Sections 7 and 13A  of the amended NSSF Act introduced mandatory contributions by all workers regardless of the size of the enterprise or the number of employees.

Section 7(2)  provides that “every employer, irrespective of the number of employees, shall register with the Fund as a contributing employer and shall make regular contributions for his or her employees in accordance with this Act and regulations made under this Act.”

Previously the NSSF had set May, 30 as the deadline for all employers to remit workers’ contributions or face punishment.

However, on Wednesday, the acting NSSF Managing Director said this deadline had been extended after requests by a number of employers.

Ayota also explained that the Fund has established partnerships with many government agencies to ensure that employers first regularize their status with NSSF before they do business with them.

“We are establishing partnerships with all regulatory agencies to ensure that before any entity is licensed, they have a clearance certificate from NSSF that proves their registration and compliance with the NSSF Act,” he noted.

Speaking on Wednesday, the Minister for Gender and Social Development , Betty Amongi applauded NSSF  for implementing the mass registration drive and pledged that her ministry will support the Fund’s efforts to expand social security coverage.
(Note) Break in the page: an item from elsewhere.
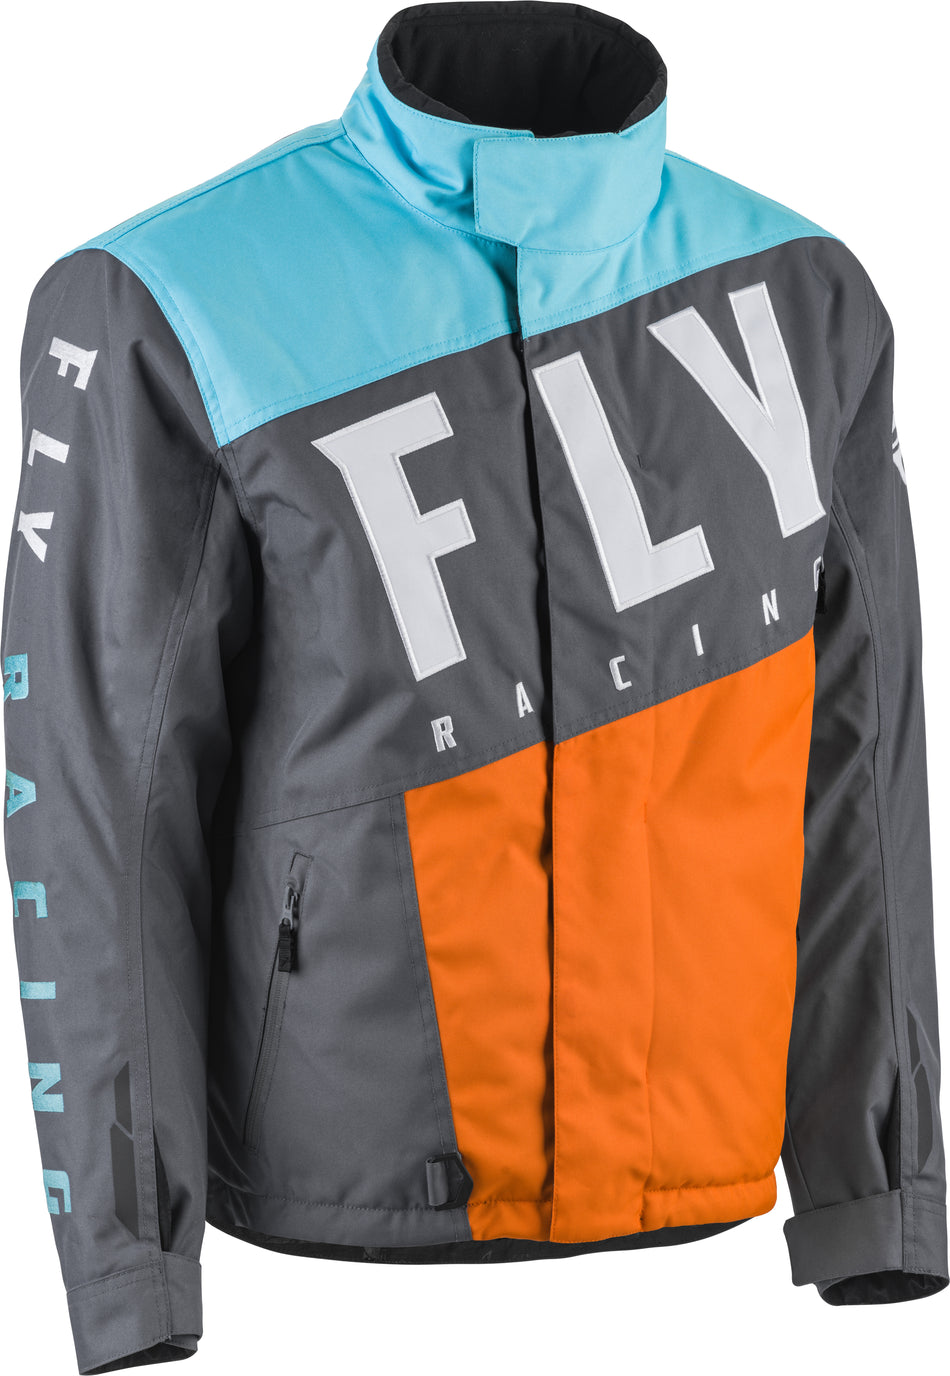 FLY RACING Youth Snx Pro Jacket Orange/Light Blue/Black Ym 470-4114YM

“Government of Uganda recognizes that social protection is a critical pre-requisite for achieving national development goals and also recognizes the need to guarantee social security to the population and to provide assistance to people who are vulnerable either by age, social class, location, disability, gender, disaster or who do not earn any income in order to promote equity,”  Among noted.

Uganda has a total labour force of 16.3 million people and a working population of 13.9 million.

Out of the working population, 7.9 million are employed and 6 million are engaged in subsistence production for own consumption, according to the Ministry of Gender, Labour and Social Development.

“As a country, we can no longer blame archaic legislation because the new law has not only expanded the social security landscape but has also empowered the Fund to innovate and introduce new products to appeal to all segments of the working population irrespective of their income levels,”  Amongi said.

For a long time, some employers had been excluded by the old NSSF law to save for their employees, but the new NSSF law now allows everyone to save for their retirement.